Intuitively, removing the index encoding reduces the potential for overfitting and incentivizes the model to generalize better. If the index of a certain (challenging) structural motif in the training set is available, the model might use the combination of motif and index in order to memorize the dynamics in the training set. The index should have no physical meaning but only structural context and amino acid identity, removing it as input can thus be interpreted as physical inductive bias.
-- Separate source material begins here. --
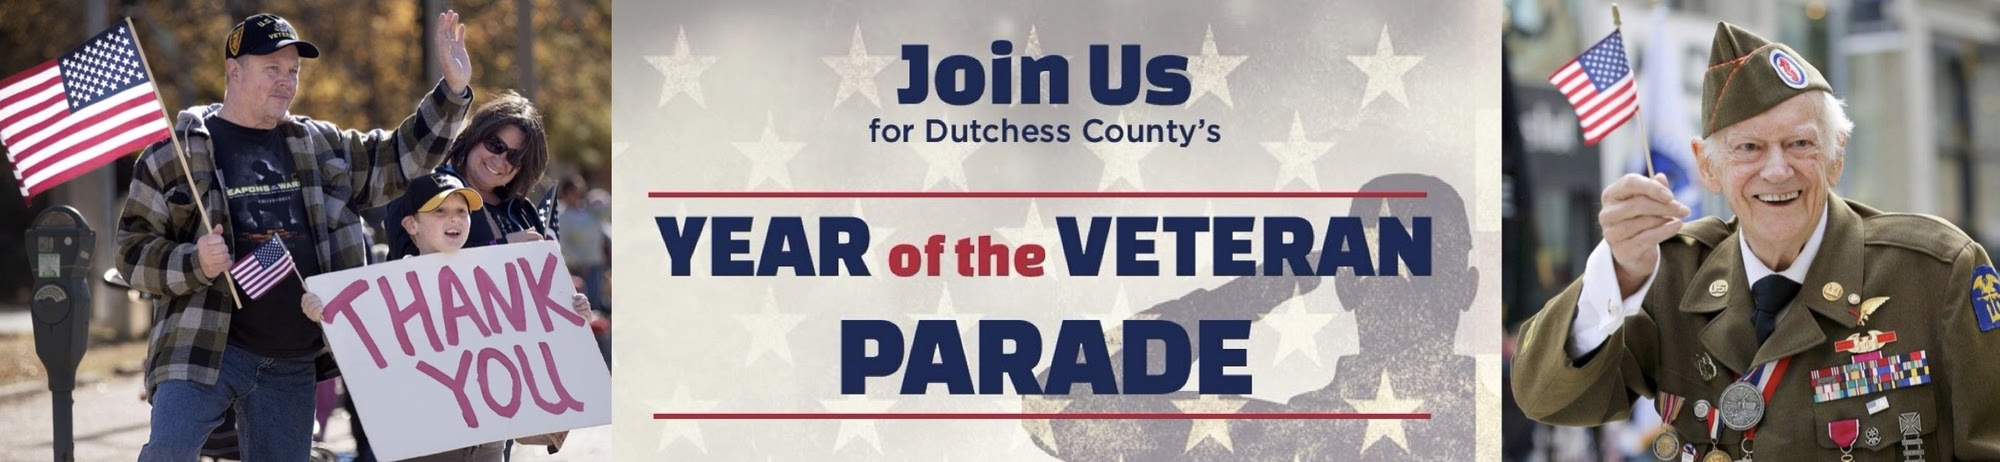 Year of the Veteran Parade
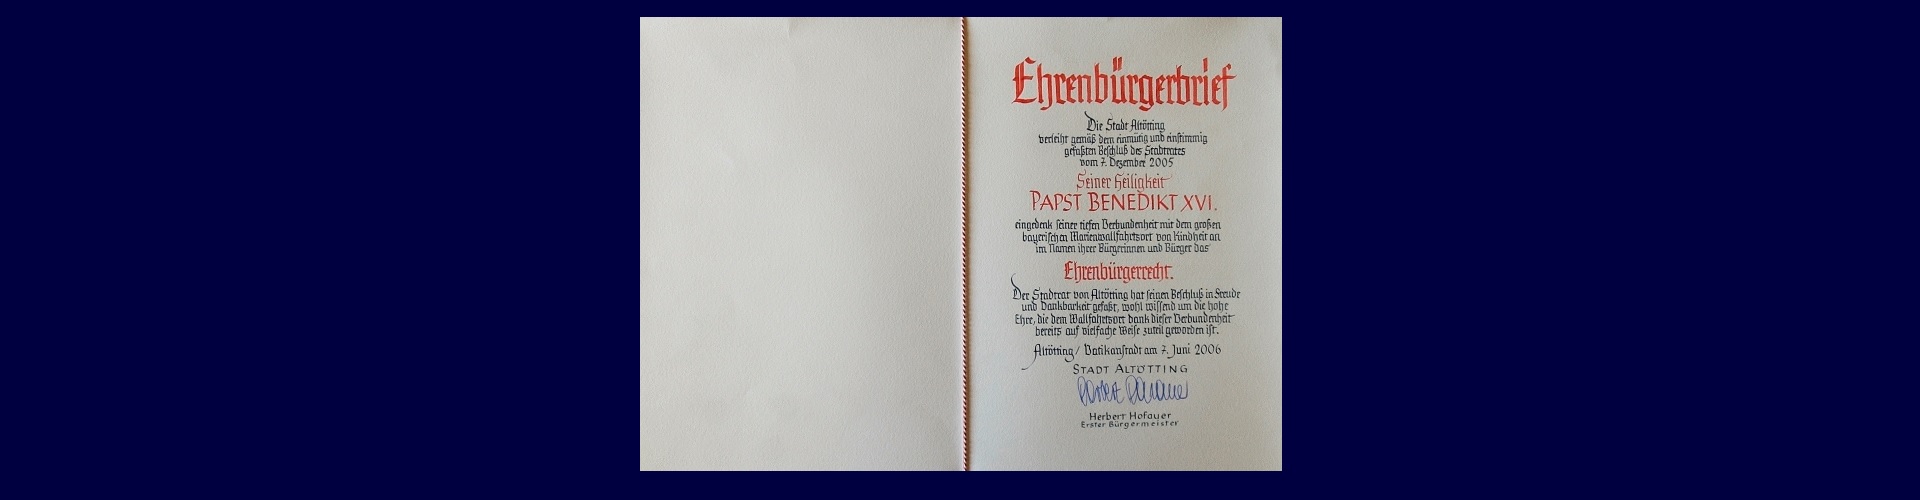 Der Ehrenbürgerbrief der Stadt Altötting an Papst Benedikt XVI.

We will add a comment on this to the final version and thank the reviewer for making us aware of the need for clarification.

A2.6 - Addressing Q1: Comment about the necessity of weights of a folding model or evolutionary information

We agree with the reviewer and identify this as one of the core ideas that underlie our method. We would like to note that also all other reviewers find the idea 'elegant', 'technically compelling' or 'conceptually reasonable'.

A2.7 - Addressing Q6: typo

We corrected the typo and thank the reviewer for pointing this out!

评论- Comment

2025-08-05

Thank you for the thorough response. Raised my rating score correspondingly.

2025-08-05

Thank you for responding to our rebuttal and for raising your score. We are happy to answer any further questions if needed!

最终决定Accept (poster)

2025-09-17

This paper introduces BBFlow which generates samples from the Boltzmann distribution by conditioning on a starting equilibrium structure in the model as well as modifying the prior. All reviewers found the idea sensible, and the performance gains over existing approaches like AlphaFlow are appreciated. A few reviewers questioned the inference speedup over AlphaFlow, but the authors included additional details in their rebuttal responses to clarify this aspect. Overall, the proposed idea is empirically interesting and well executed, but does not provide a lot of technical novelty. As a result, I recommend acceptance as a poster.